- 1Department of Anatomy and Cell Biology, Indiana University School of Medicine, Indianapolis, IN, USA
- 2Stark Neuroscience Research Institute, Indiana University School of Medicine, Indianapolis, IN, USA
- 3Indiana Alcohol Research Center, Indiana University School of Medicine, Indianapolis, IN, USA
- 4Department of Psychology, Indiana University-Purdue University at Indianapolis, Indianapolis, IN, USA
Children born to mothers who drink during pregnancy are at risk for growth retardation, memory, learning, and cognitive deficits under a lifelong disability known as Fetal Alcohol Spectrum Disorders (FASD), which occurs at a high rate in the US (~1/100 live births) and worldwide. There are three outstanding features of FASD. (a) Humans have been associated with alcohol consumption dated as far back as 7000 BC (McGovern et al., 2004) and there is no sign of waning. (b) FASD can range across a large spectrum of severity, from the more severe Fetal Alcohol Syndrome (FAS) (encompassing facial, brain, and gross deformity) to the hard to detect, subtle mental dysfunctions. The Centers for Disease Control and Prevention (CDC) indicates that approximately 7–8% of pregnant women consume alcohol in US, but diagnosed FASD occurs in a much smaller percentage (CDC, 2012). There is strong evidence to indicate that genetic makeup is a major contributing factor to the differential vulnerability to FASD. (c) Alcohol's deleterious effect has recently been found to go beyond cellular toxicity, to affect epigenetics. The epigenetic chemical code, methylation and acetylation written on top of genomic base elements (e.g., DNA cytosine and histone tails), can confer 3D DNA packaging and fundamentally alter gene transcription. Alcohol has recently been recognized to have strong influences on methylation and acetylation (see Resendiz et al., 2014a) via alcohol metabolism. Furthermore, current evidence points to alcohol's influence on the interaction of genetic and epigenetic factors. These fascinating new views are the center of this eBook, which includes new data and an in-depth discussion of the recent findings and expert opinions. It is hoped that by elucidating the genetic x epigenetic (GxE) interaction at the center of fetal alcohol exposure, new insight will lead the community of scientists toward a greater understanding of this disease, and lay a foundation for prospective new treatments and interventions.

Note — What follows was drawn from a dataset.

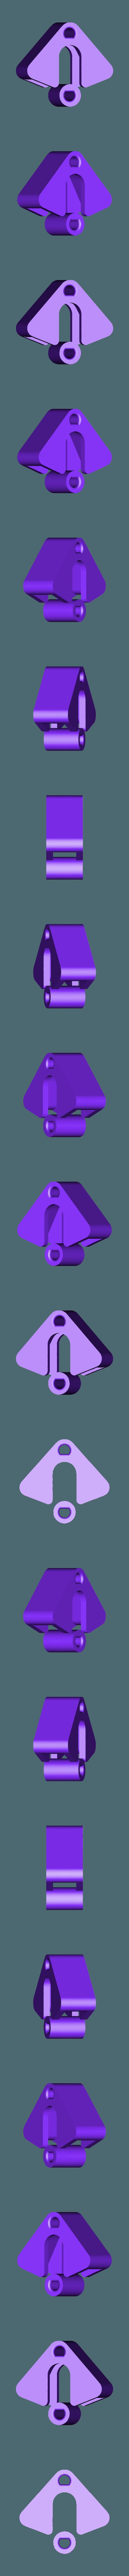 7mm_Ziptie_Belt_Tensioner.stl Download free STL file Minimalist belt tensioner (replaces tensioning springs) • 3D printer model, CartesianCreationsAU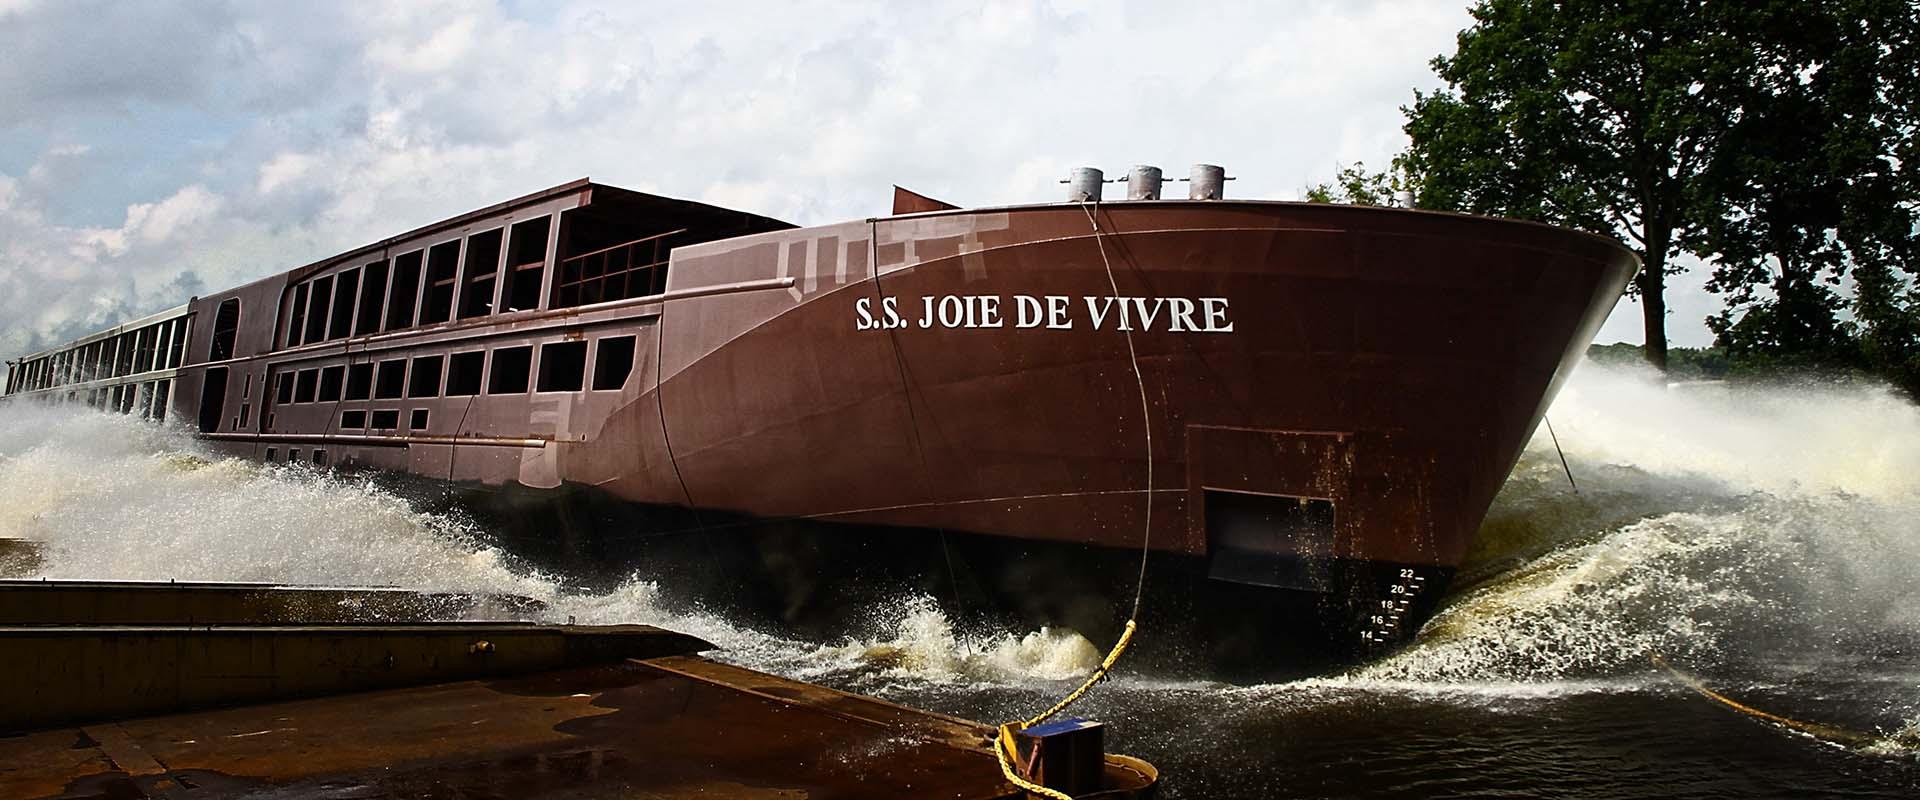 S.S. JOIE DE VIVRE bei Stapellauf.

FASD is, theoretically, an avoidable disease. Unfortunately, there are many misconceptions and a lack of general public awareness of the profound causality of alcohol on developmental dysfunction. This eBook includes a public awareness effort with an Opinion from Singh et al. (2014), challenging the research community to convey the message that “at no time during pregnancy is alcohol 100% safe to drink.”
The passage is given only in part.